◆ DATA EXTRACT:

--------

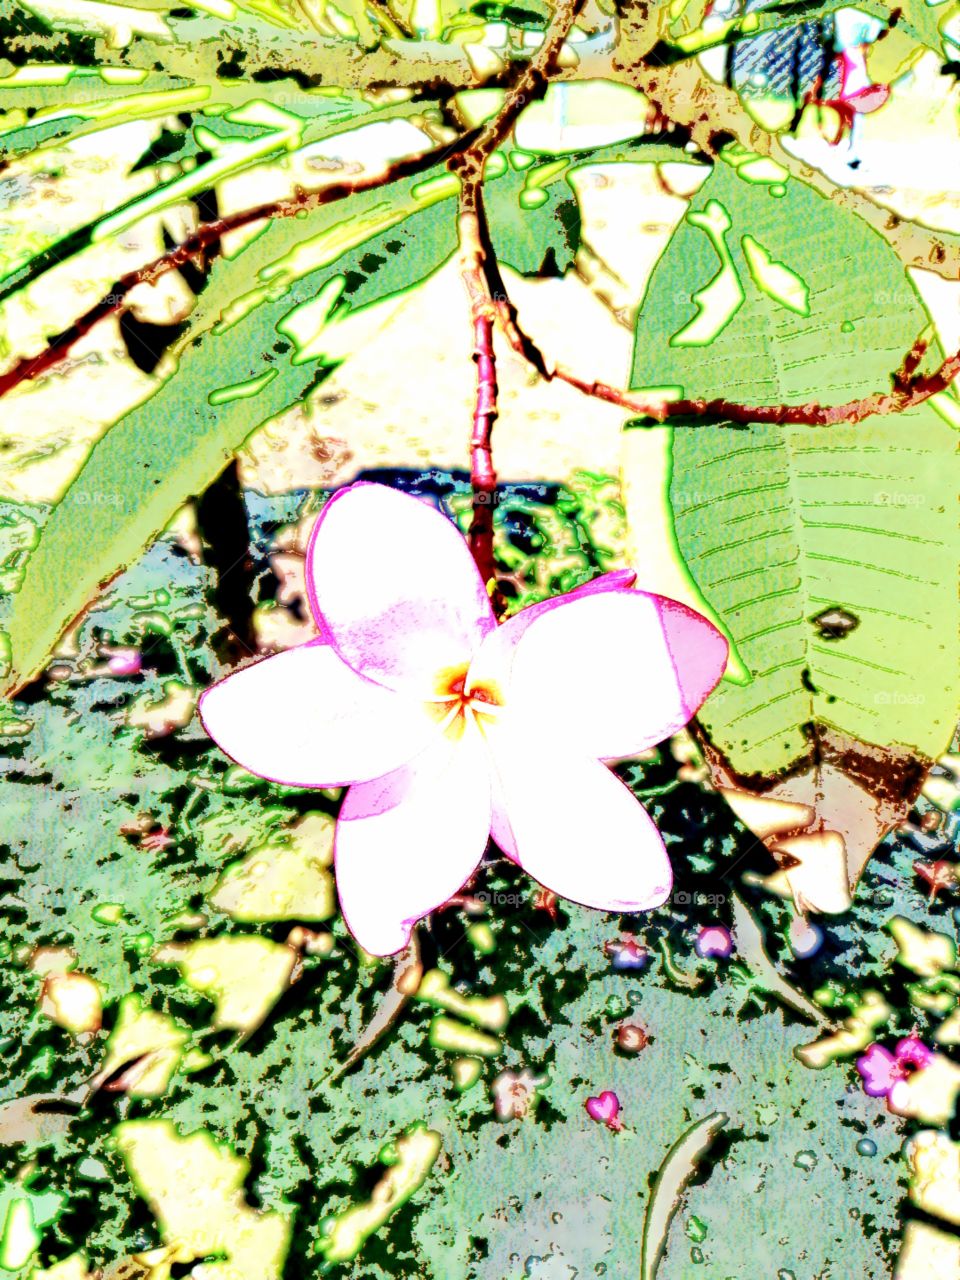 Crayon drawing of a pale pink Frangipani flower on tree
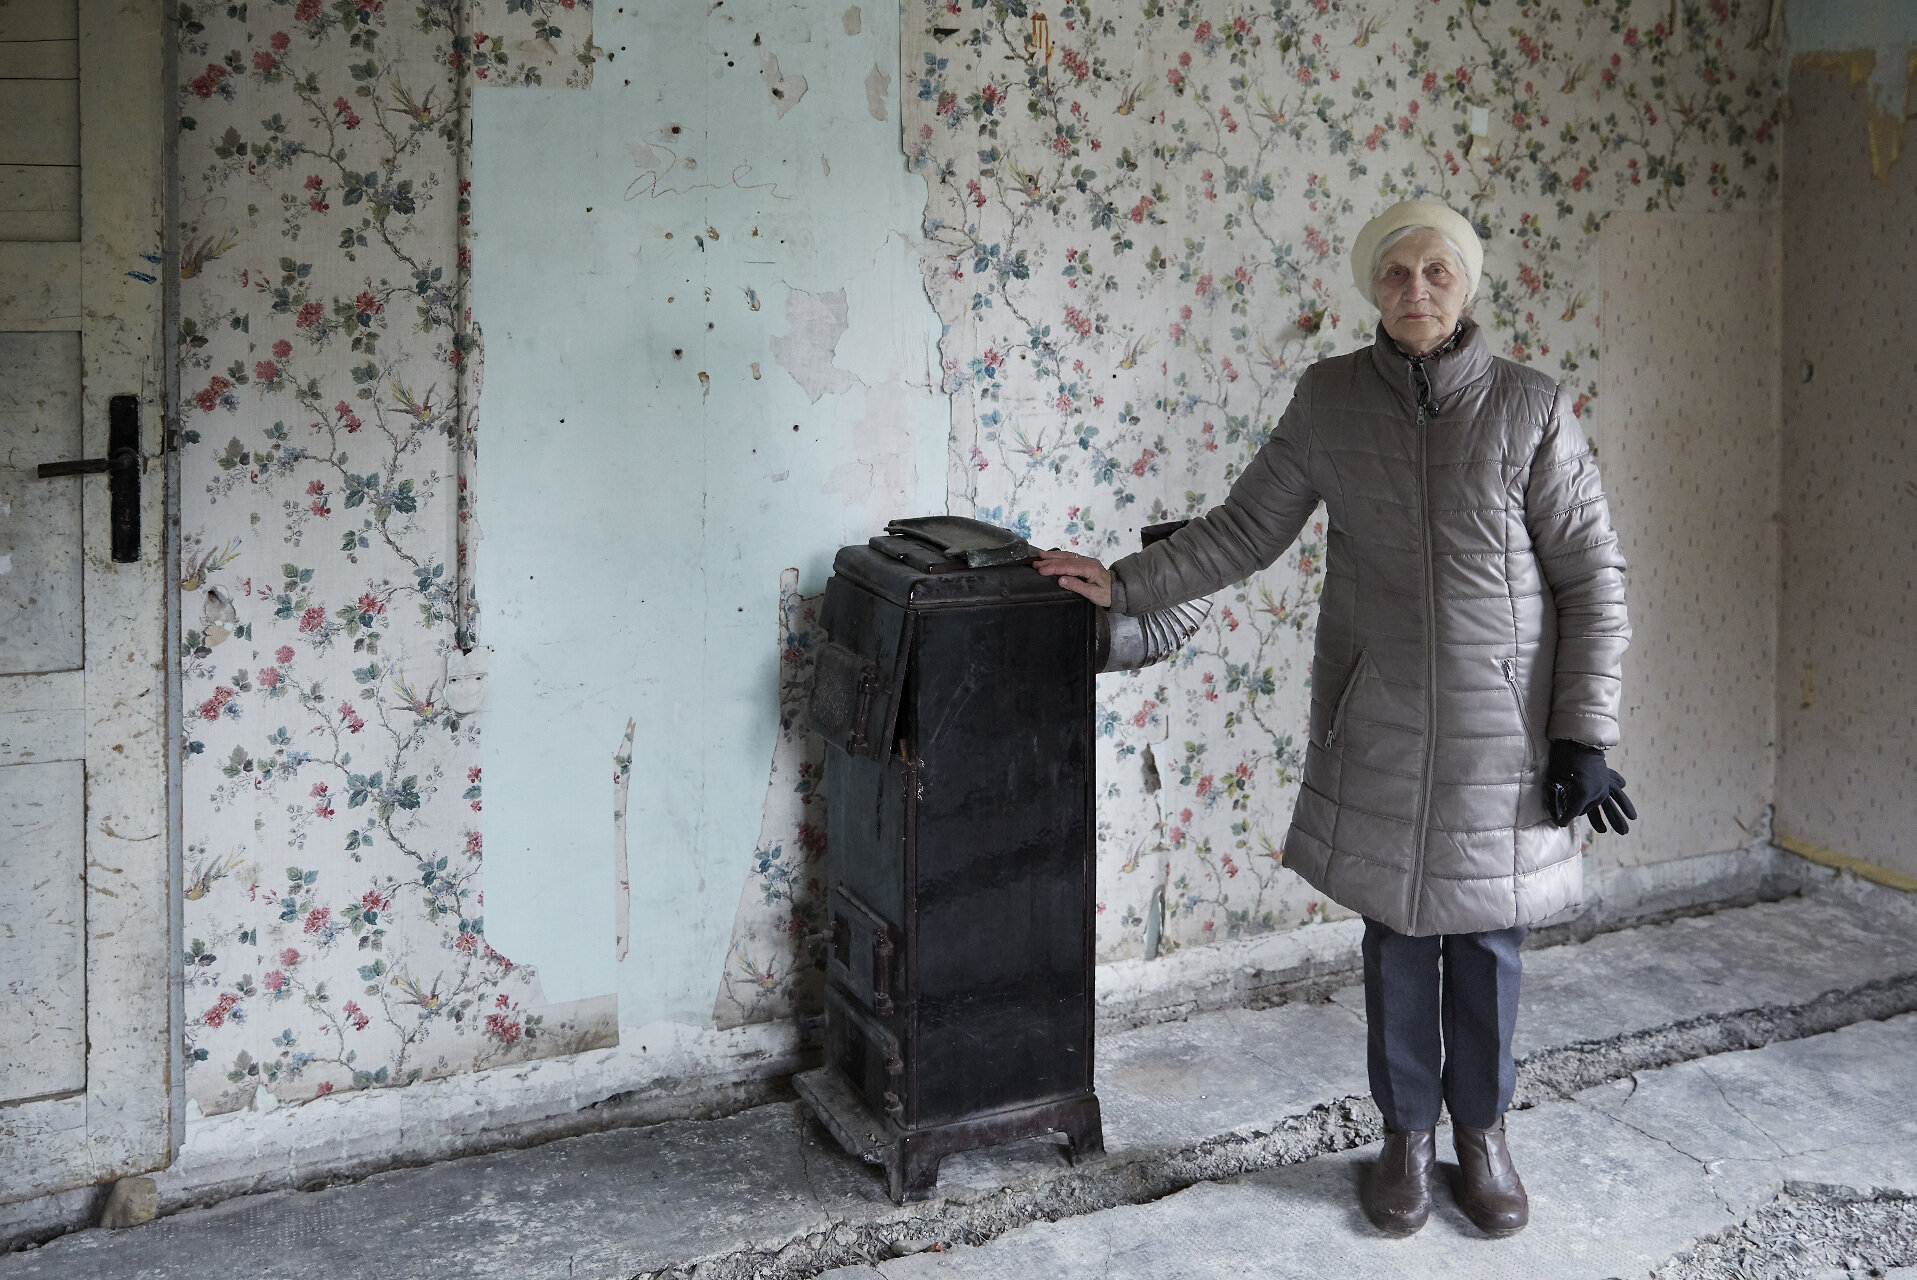 An older woman standing in a room with flowery wallpaper. She has one hand on an old stove.
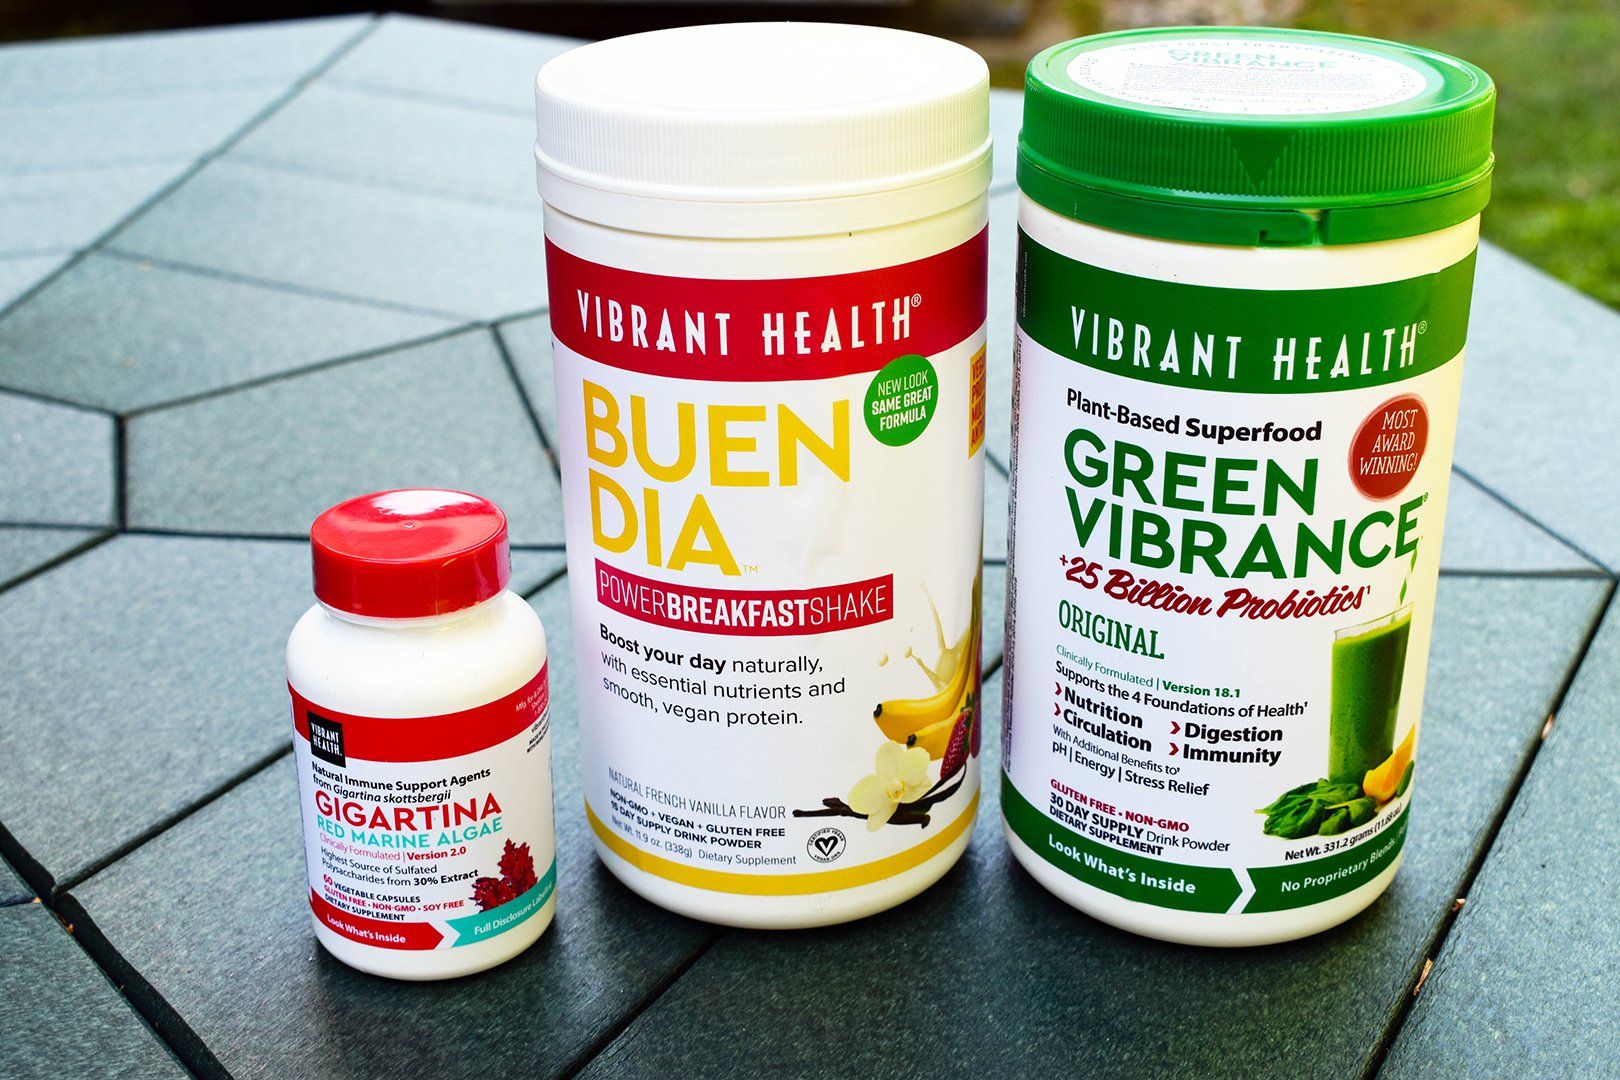 Vibrant Health's Green Vibrance, Buen Dia, and Gigartina on table outside

--------

◆ ASSIGNED TASK:
Everything from the line containing "An older woman" through the last line of the listing above must be output exactly, except the pictures.

◆ SOLUTION TO THIS EXERCISE:
 An older woman standing in a room with flowery wallpaper. She has one hand on an old stove.
 Vibrant Health's Green Vibrance, Buen Dia, and Gigartina on table outside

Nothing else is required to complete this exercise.